Multi-agent collaboration with gRPC

In this tutorial, we will discuss how to use gRPC for training models across multiple machines. If you have not already read the Getting Started guide, we recommend you do so before proceeding.

NOTE: If you are running experiments on a single machine right now then MPI is easier to set up and get started.

Overview

The main advantage of our abstract communication layer is that the same code runs regardless of the fact you are using MPI or gRPC underneath. As long as the communication layer is implemented correctly, the rest of the code remains the same. This is a huge advantage for the framework as it allows us to switch between different communication layers without changing the code.

Running the code

Let's say you want to run the decentralized training with 80 users on 4 machines. Our implementation currently requires a coordinating node to manage the orchestration. Therefore, there will be 81 nodes in total. Make sure sys_config.py has num_users: 80 in the config. You should run the following command on all 4 machines:

python main_grpc.py -n 20 -host randomhost42.mit.edu

On one of the machines that you want to use as a coordinator node (let's say it is randomhost43.mit.edu), change the peer_ids with the hostname and the port you want to run the coordinator node and then run the following command:

python main.py -super true

NOTE: Most of the algorithms right now do not use the new communication protocol, hence you can only use the old MPI version with them. We are working on updating the algorithms to use the new communication protocol.

Protocol

  1. Each node registers to the coordinating node and receives a unique rank.
  2. Each node then tries to find available ports to start a listener.
  3. Once a quorum has been reached, the coordinating node sends a message to all nodes with the list of all nodes and their ports.
  4. Each node then starts local training.

FAQ

  1. Is it really decentralized if it requires a coordinating node?
    • Yes, it is.
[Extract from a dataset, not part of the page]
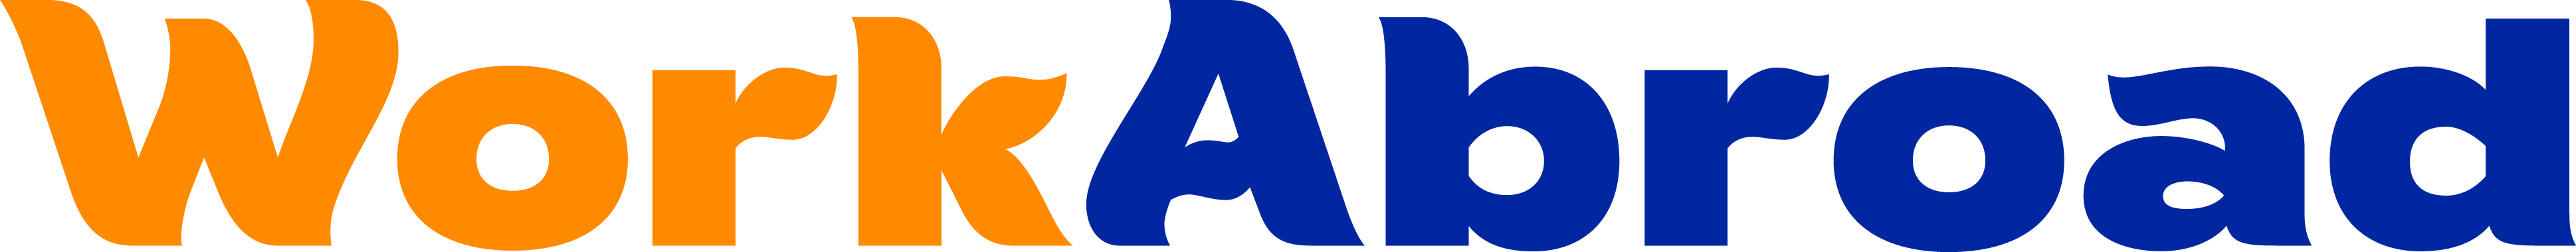 WorkAbroad.ph Logo

The coordinating node is required for all nodes to discover each other. In fact, going forward, we plan to provide support for several nodes to act as coordinating nodes. This will make the system more robust and fault-tolerant. We are looking for contributors to implement a distributed hash table (DHT) to make our system more like BitTorrent. So, if you have a knack for distributed systems, please reach out to us.
  2. Why do I need main_grpc.py and main.py?
    • The main.py file is the actual file. However, if you are running lots of nodes, it is easier to run the main_grpc.py file which will automatically run the main.py file n times. This is just a convenience script.
  3. How do I know if the nodes are communicating?
    • You can check the console logs of the coordinating node. It will print out the messages it is sending and receiving. You can also check the logs of the nodes to see their local training status.
  4. My training is stuck or failed. How do I stop and restart?
    • GRPC simulation starts a lot of threads and even if one of them fail right now then you will have to kill all of them and start all over. So, here is a command to get the pid of all the threads and kill them all at once:
      for pid in $(ps aux|grep 'python main.py' | cut -b 10-16); do kill -9 $pid; done
      
      Make sure you remove the experiment folder before starting again.